STANDARD CHARTERED PLC
UPDATE FROM THE REMUNERATION COMMITTEE
In accordance with Provision 4 of the UK Corporate Governance Code, we are providing an update on our statement of 4 May 2022 regarding the AGM votes on Resolution 3, to approve the annual report on directors' remuneration contained in the Directors' Remuneration Report for the year ended 31 December 2021, and Resolution 4, to approve the new directors' remuneration policy contained in the Directors' Remuneration Report for the year ended 31 December 2021.
While both resolutions were passed, with majorities of 73.2% and 68.8% respectively, in recognition that there were a number of votes opposing these resolutions, we announced on 4 May 2022 that we would continue to engage with shareholders to understand their concerns and committed to publish an update on that engagement within six months of the AGM.
The Remuneration Committee Chair invited shareholders representing approximately 70% of the Group's issued share capital to re-engage and share their views on the outcome. A number of these shareholders took up this invitation to meet with the Committee Chair and other Committee members, and the Committee has considered carefully the views shared at these meetings.
With respect to Resolution 3 on the annual report on remuneration contained in the Directors' Remuneration Report, the main concern related to our response to the fine imposed on the Group by the Prudential Regulation Authority ("PRA") relating to reporting and governance failings.
We acknowledge that our Remuneration Report could have provided more information on the significant steps taken by the Committee in reviewing this matter. In particular, we could have included further detail on the Committee's decision making, the remuneration actions that were taken, and the conclusion of the review following the formal PRA findings, that no new issues, themes or individual shortcomings had been identified that had not been considered at the time of the initial review in 2019.

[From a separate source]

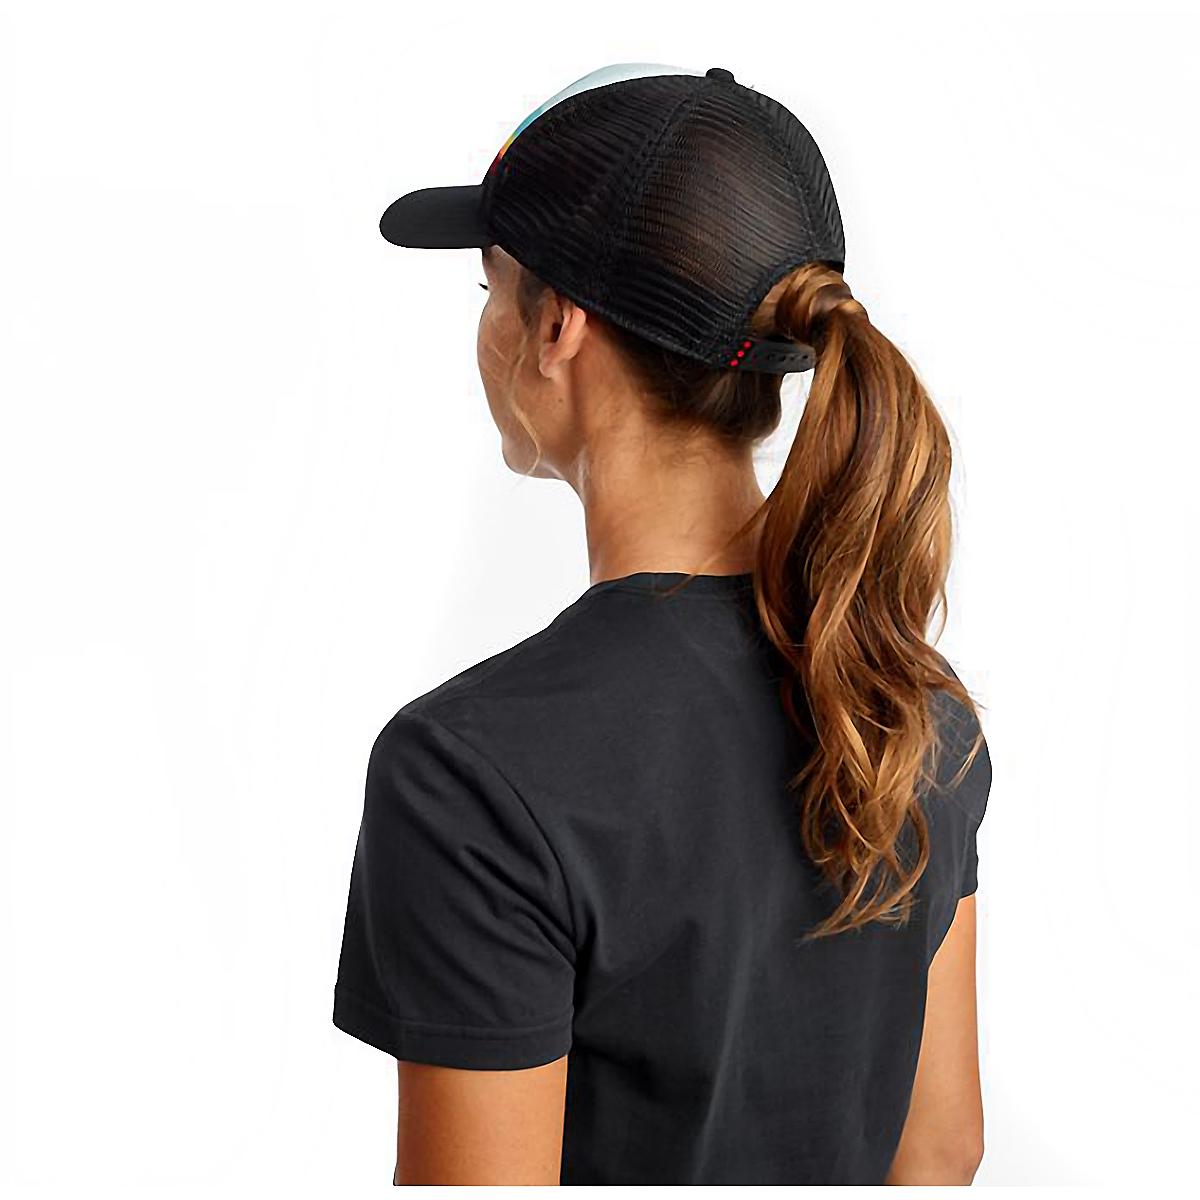 Saucony Foam Trucker Hat - Color: Black, Black, large, image 2

The detailed review of the issues at the end of 2019 when the matter was first identified, and which was revisited in 2021 when the fine was issued, resulted in remuneration actions being taken at both the individual and collective level. Having reflected on the views expressed by shareholders, and as discussed with them during the engagement process, we are satisfied that the remuneration adjustments made were appropriate.
With respect to Resolution 4, on the directors' remuneration policy, the key issue for the opposing votes was the provision which provides the Committee with the flexibility to disapply time proration on the vesting of long-term incentive plan awards for retiring executive directors.

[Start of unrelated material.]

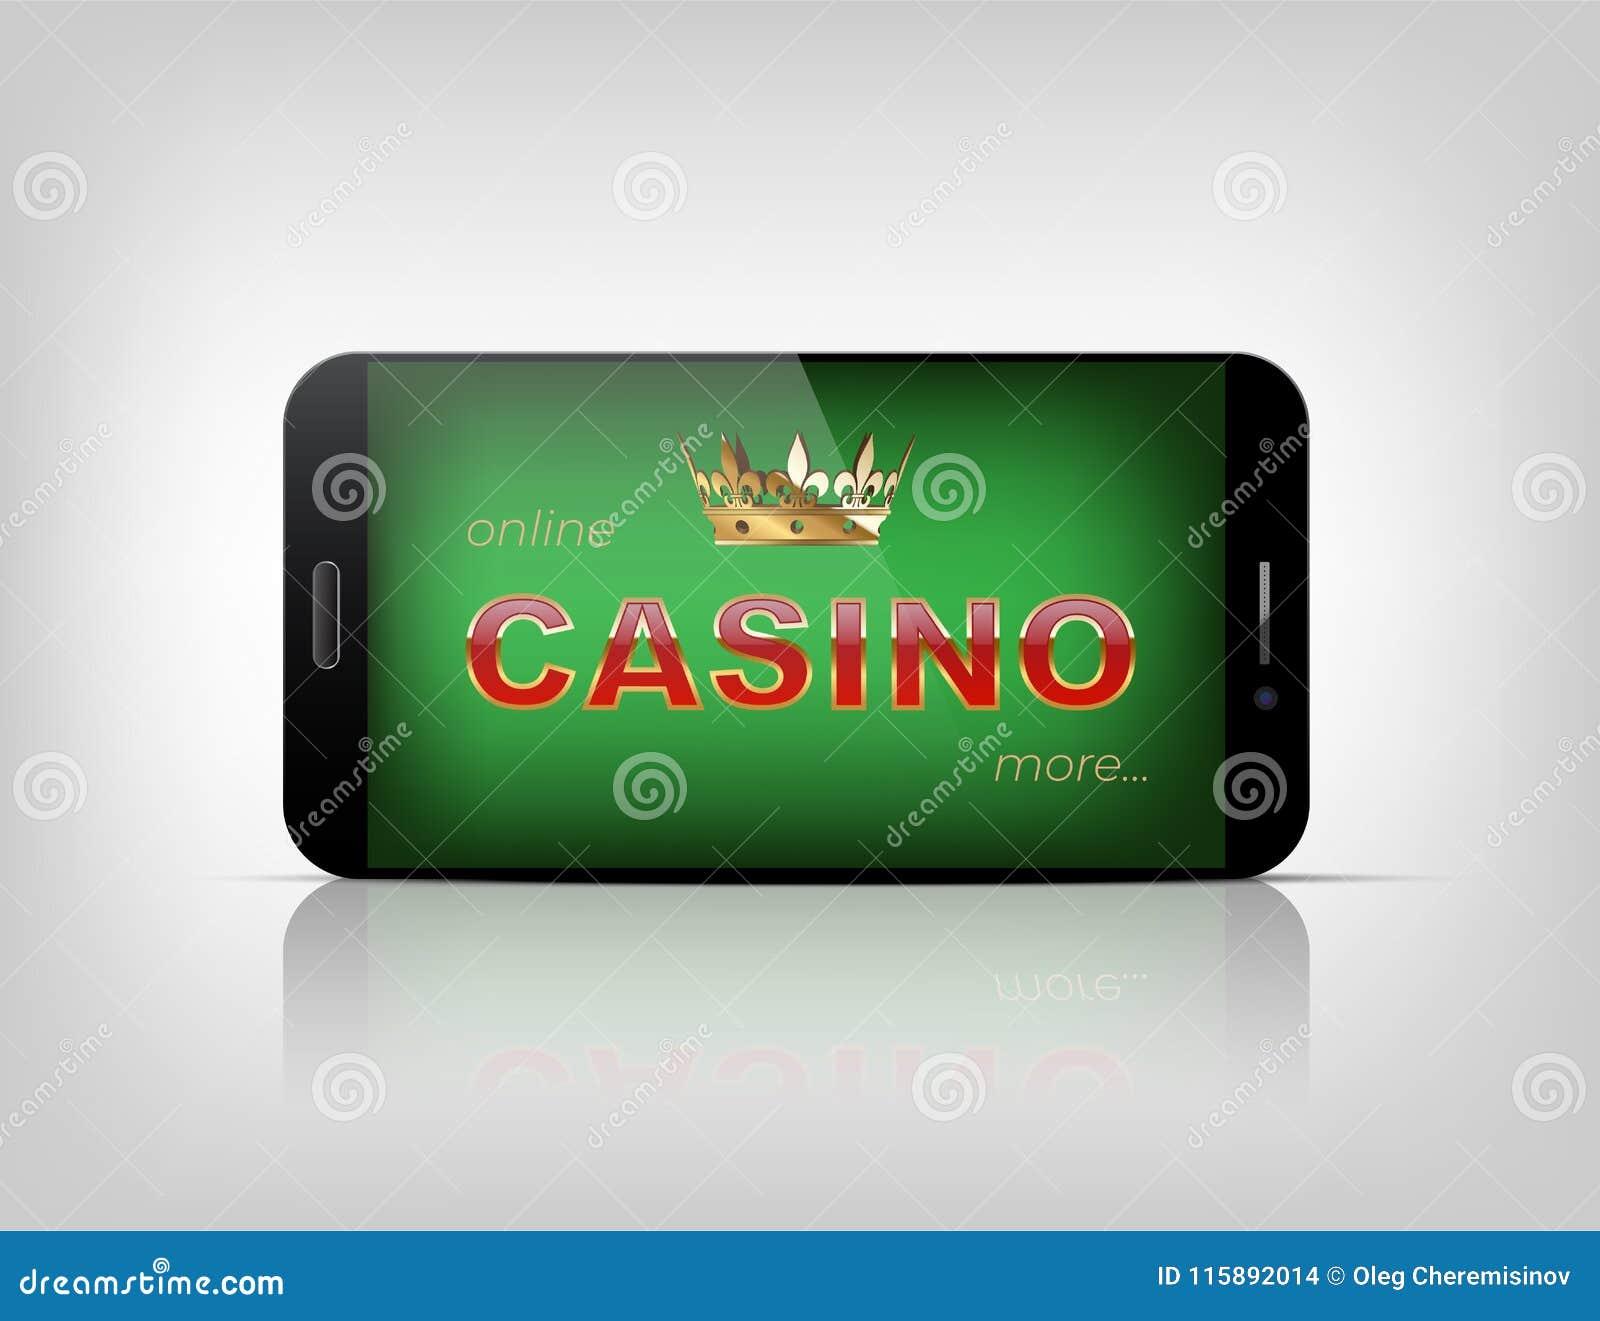 online casino design template online casino words on green

We recognise that this provision is not standard practice in the UK, and confirmed during shareholder engagement that application of this provision will not be automatic. The minimum criteria included in the policy are to provide a guide and gateway for Committee determination of eligibility. However, the Committee would consider carefully each case taking into account all of the circumstances at that time.
If the Committee did decide to disapply pro-ration of outstanding LTIP awards, the relevant directors' remuneration report would include detailed disclosure of the rationale behind the decision and of the resulting outcome. Shareholders would have the opportunity to vote on the appropriateness of its use through the AGM resolution on the relevant directors' remuneration report.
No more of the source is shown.